Ok, I'm going to admit it -- my love for this story has officially reached the level of pathetic obsession. Why? Because it's been THREE WHOLE DAYS since your last update and I don't know what to do with myself. You've spoiled all of us with your 12 hour turnaround on chapter postings so what else can we do but mourn when a whole 72 hours passes without an update????

SIGH.

Oh well. Guess I'll just have to go back to the beginning and read all 18 chapters again, won't I? :-)

Reviewer: SeluciaV Signed 10
Date: April 05, 2008 Title: Chapter 20: I didn't want to be part of your problem, but I am.

*THUD*

I'm dead. So, so, so VERY DEAD.

More later when my brain starts to function again because right now there is so much emotion and fabulousness in this chapter I've lost the ability to function.

WOWZERS. Again I ask: can we get a rating on here higher than a ten? Like maybe a zillion? That sounds about right to me.

Reviewer: SeluciaV Signed 10
Date: April 12, 2008 Title: Chapter 21: Some people say I look like Bette Davis.

You know, if I keep reading your fic I'm eventually going to ensure a complete lobotomy -- because every time you post a new chapter, there is an explosion in my head and I lose a chunk of brain function from the intense amazingness of it all. WOW.

These last two chapters were so good and hot and sweet and sexy and romantic and erotic and emotional that I could be here all night quoting them. So I won't. Instead, I'll highlight what I consider to be the two best parts:

He’s just so…earnest, sometimes. He’s so good looking and earnest and he’s like a chocolaty bad boy with a delicious soft peanut butter center. He’s a rebel who’s actually a hero who’s actually just total eye candy. I loved this because it's like Pam is finally seeing, REALLY seeing, all of Jim. Good, bad or indifferent, it's all of what makes Jim Jim and what makes her want him and love him. And you did it in a way that was both humorous and sweet.

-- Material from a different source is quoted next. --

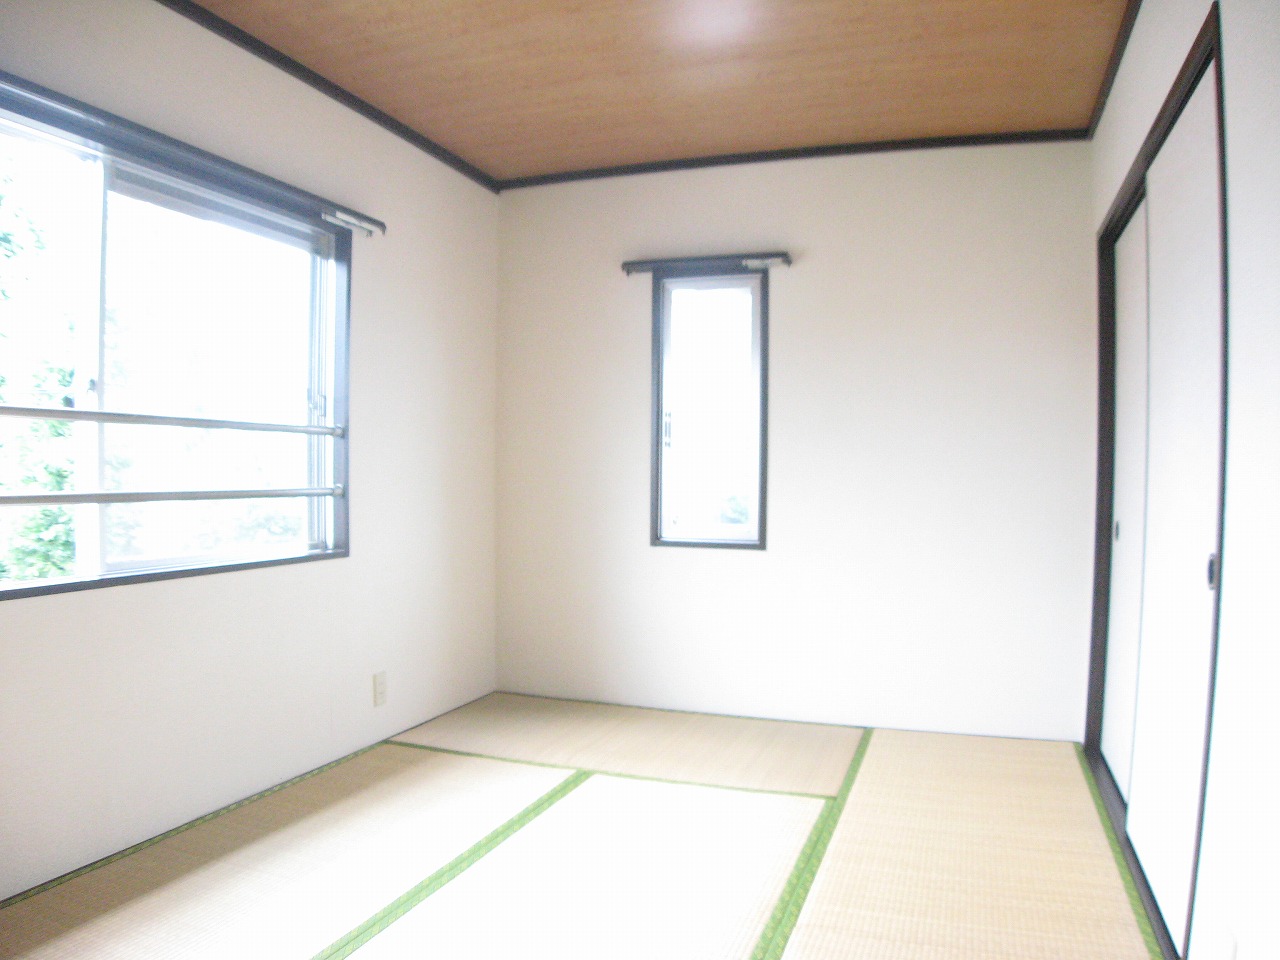 Other room space. There is a closet in the intimate Japanese-style room

She briefly wonders if she should be more level headed about this, but it’s like for the past two weeks someone has been stretching her taut like a rubber band and now finally they’ve pulled just tight enough and she wants so badly to snap. I swear to god, if that isn't the best damn description of UST, I don't know what is. An absolutely fucking brilliant description of such a terribly delicious feeling -- it slays, it kills, it makes your readers want to kill you for ending the chapter there.

But not. 'Cause we need more. Like stat.

Anyway, as always I bow to your brilliance and beg you to put us out of our misery with hot and sweaty JAM sex really, really, REALLY soon.

Pretty please? With tall and gorgeous naked Jim on top?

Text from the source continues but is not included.